Quando o indivíduo faz esse teste muito próximo a essa janela imunológica, do quinto e sexto dia, o resultado pode ser negativo, embora a pessoa esteja infectada. O ideal seria refazer o teste. “Teria que repetir para confirmar dentro de 10 a 15 dias”, orienta o especialista.
Vigilância epidemiológica e genômica
Segundo os especialistas, todas as pessoas com suspeita de dengue precisam ser testadas. Do ponto de vista individual, isso é importante porque temos uma série de outros vírus circulando no momento – como chikungunya, influenza (causador da gripe) e coronavírus.
A dengue, logo no início dos sintomas, pode ser inespecífica. Quem está com essa doença não deve usar determinados medicamentos, em especial anti-inflamatórios não hormonais, capazes de promover sangramento, um sintoma de alerta para um caso grave.
Além disso, a reinfecção por dengue está associada a uma maior chance de evoluir para um caso grave. Esse paciente deve, portanto, ter um monitoramento diferente.
Do ponto de vista epidemiológico, a confirmação do caso permite entender o real estado da transmissão dessa doença infecciosa, o que é chamado de vigilância epidemiológica. “Saber o número de casos que a gente tem em cada ciclo epidemiológico é fundamental para que o os gestores de saúde consigam fazer planejamento, porque dengue é uma doença cíclica”, explica Joziana.
Ao lado dela, é também fundamental a vigilância genômica. Segundo a Organização Mundial da Saúde (OMS), trata-se do “processo de monitoramento constante de patógenos e análise de suas semelhanças e diferenças genéticas”. “Ajuda investigadores, epidemiologistas e funcionários de saúde pública a monitorizar a evolução de agentes de doenças infecciosas, alertar sobre a propagação de agentes patogênicos e desenvolver contramedidas, como vacinas.”

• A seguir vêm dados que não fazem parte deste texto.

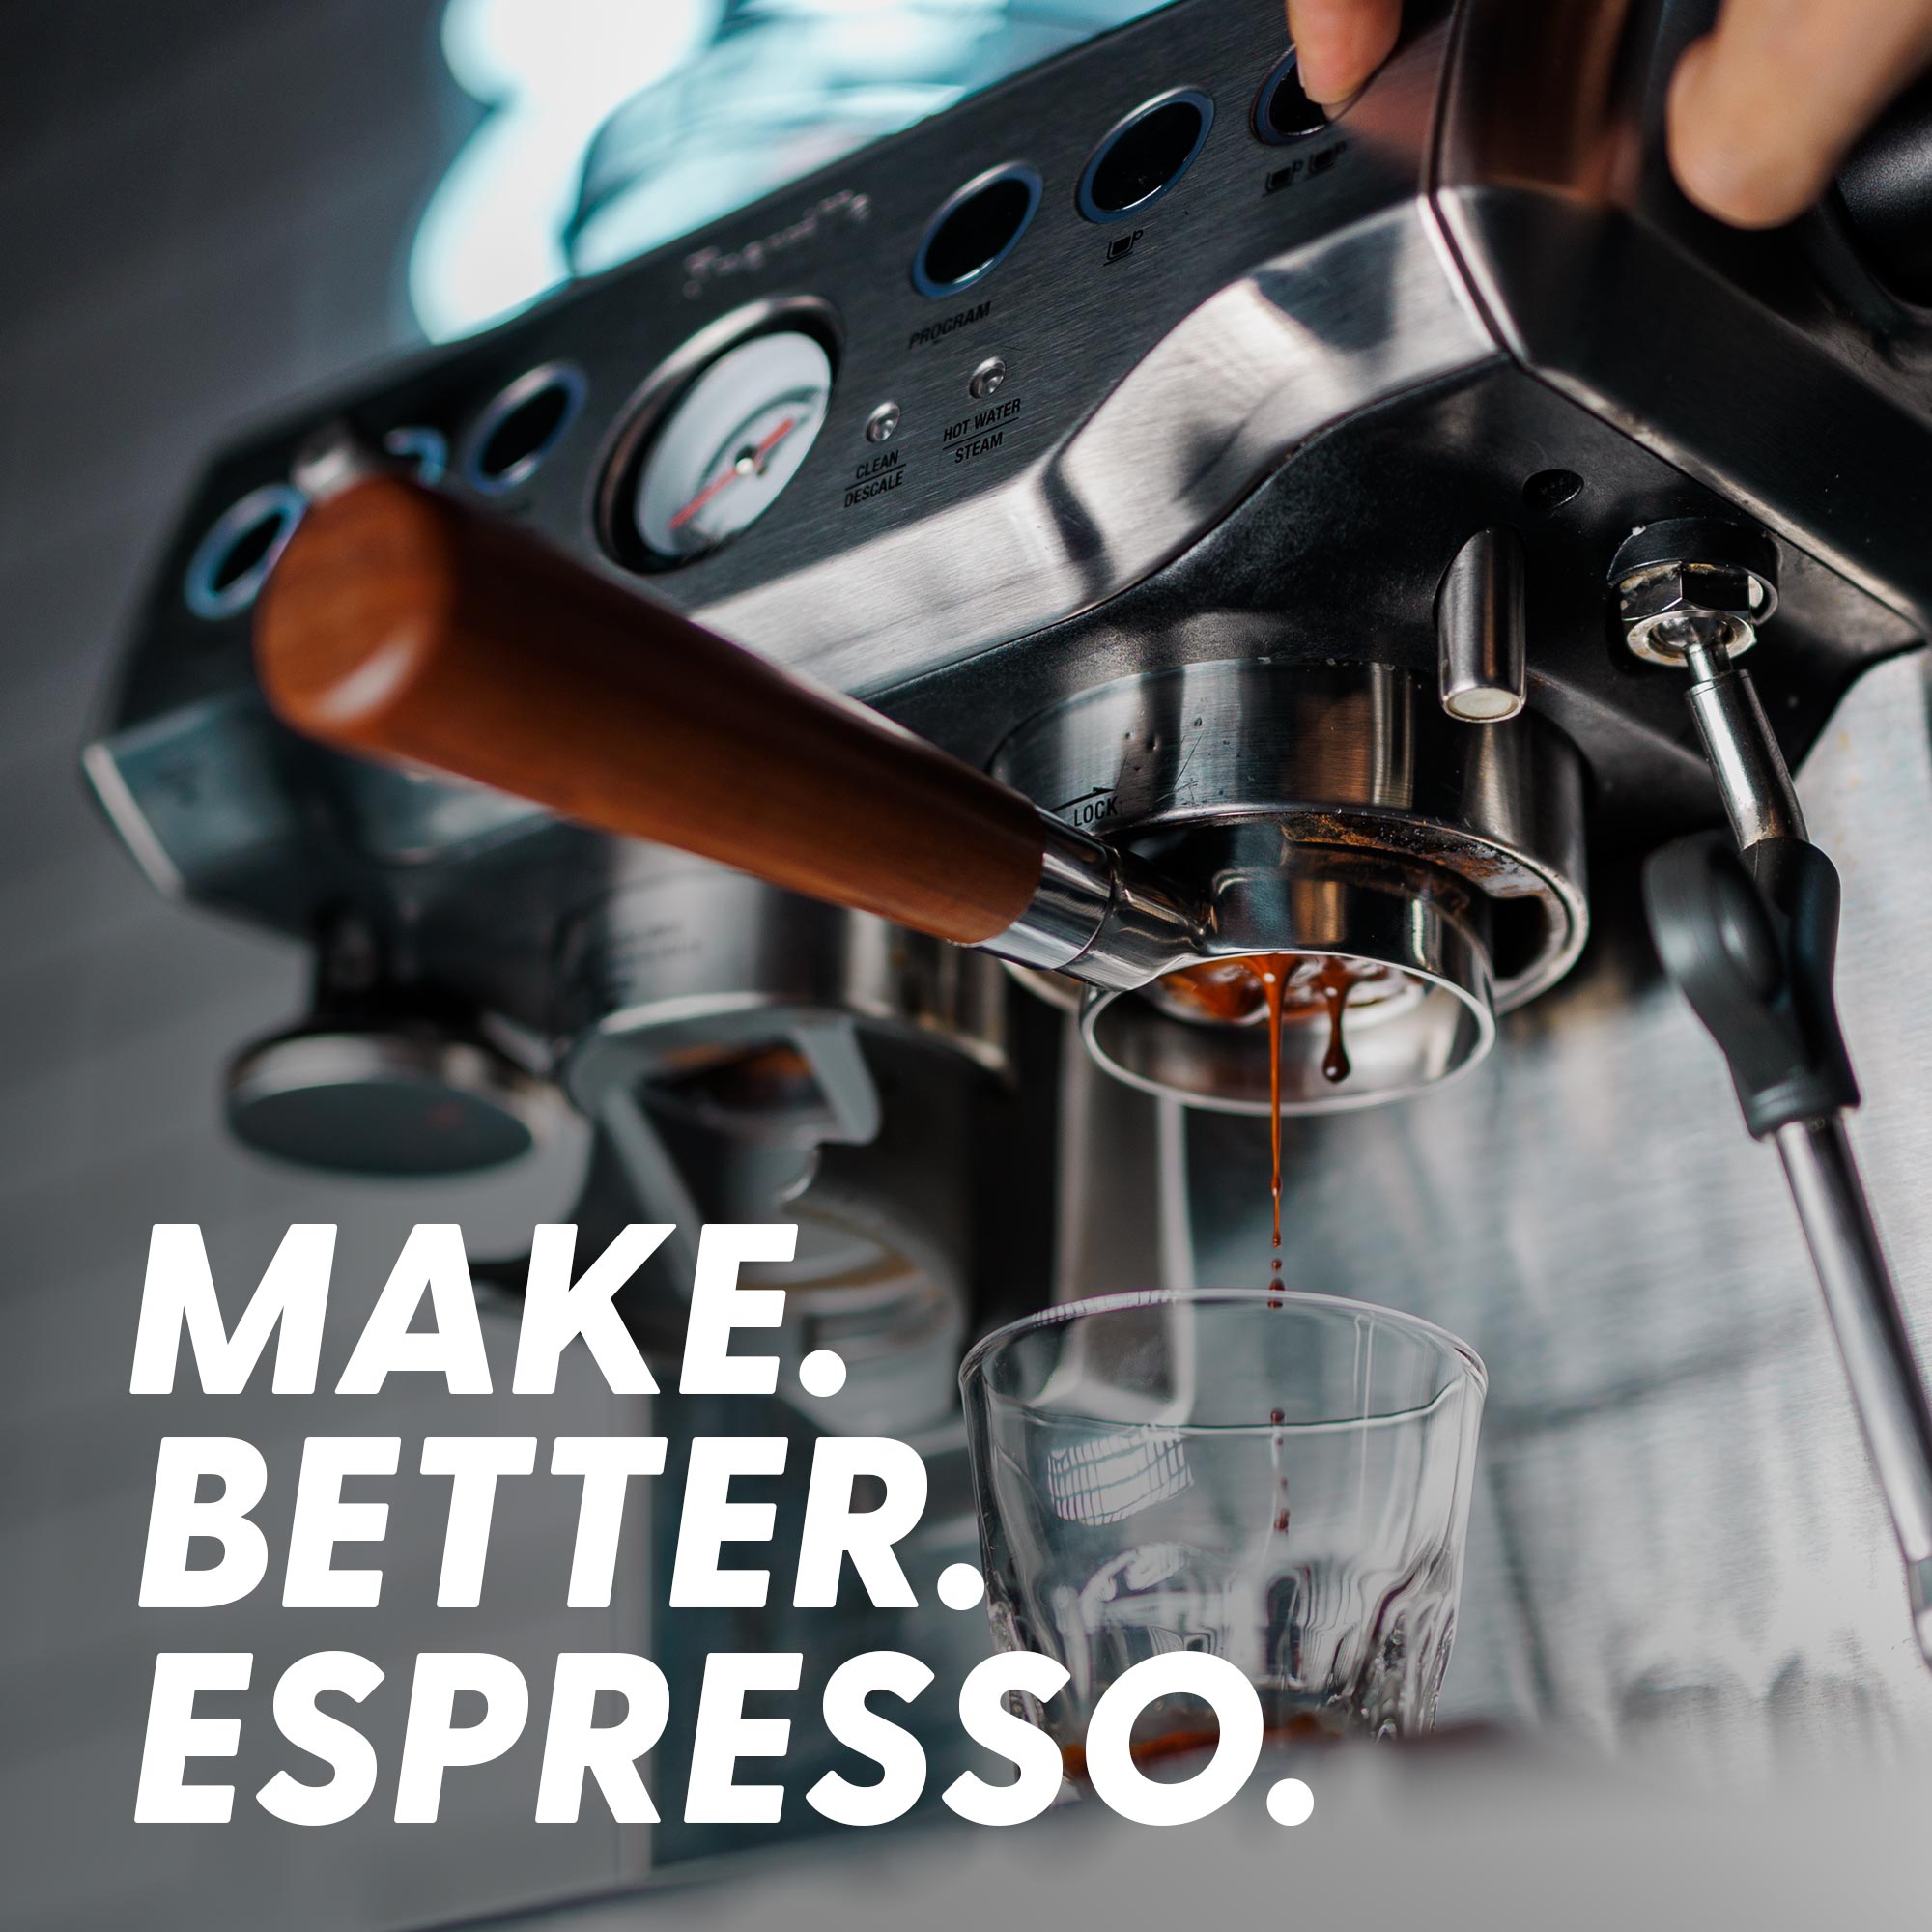 Making Better Espresso

Na pandemia da covid-19, esse tipo de iniciativa foi essencial para detectar quando novas variantes surgiam. Desde esse momento, inclusive, especialistas destacavam como o País sequencia pouco as amostras. O Estadão mostrou, em 2022, que apenas 0,35% dos casos de covid confirmados no Brasil foram sequenciados em laboratório.
Para a dengue, os especialistas ouvidos pelo Estadão também reforçam que o País sequencia pouco. Para ter ideia, neste ano, só há informações sobre o sorotipo causador de 2,38% dos casos prováveis. Isso, é claro, também passa por um problema de testagem: nem todos os casos são investigados e, alguns, podem ser outras doenças.
Historicamente, conforme dados do Sistema de Informação de Agravos de Notificação (Sinan), tabulados pelo Estadão, o ano com mais sorotipagem em termos porcentuais foi 2023 – mesmo assim, a taxa foi de 2,34%. O Ministério não respondeu ao pedido de posicionamento.
Os laboratórios centrais de saúde pública (Lacen), que lidam com esse processo, têm se modernizado, mas ainda não é suficiente, destaca Fonseca. “A quantidade de genomas sequenciados é pequeno levando em consideração o tamanho da epidemia que a gente vive”, avalia.
Um dos motivos para justificar por que essa informação é importante retoma a discussão da reinfecção. É preciso saber, por exemplo, quando a prevalência muda e um tipo supera o outro ou quando um tipo retorna a uma localidade após anos – como ocorreu com o DENV-3 no ano passado. Dados assim indicam que há maior risco de uma pessoa ter a doença novamente e, por consequência, uma maior probabilidade de o caso se tornar grave.
“A vigilância genômica ainda é uma ferramenta importante, mas negligenciada”, resume Joziana.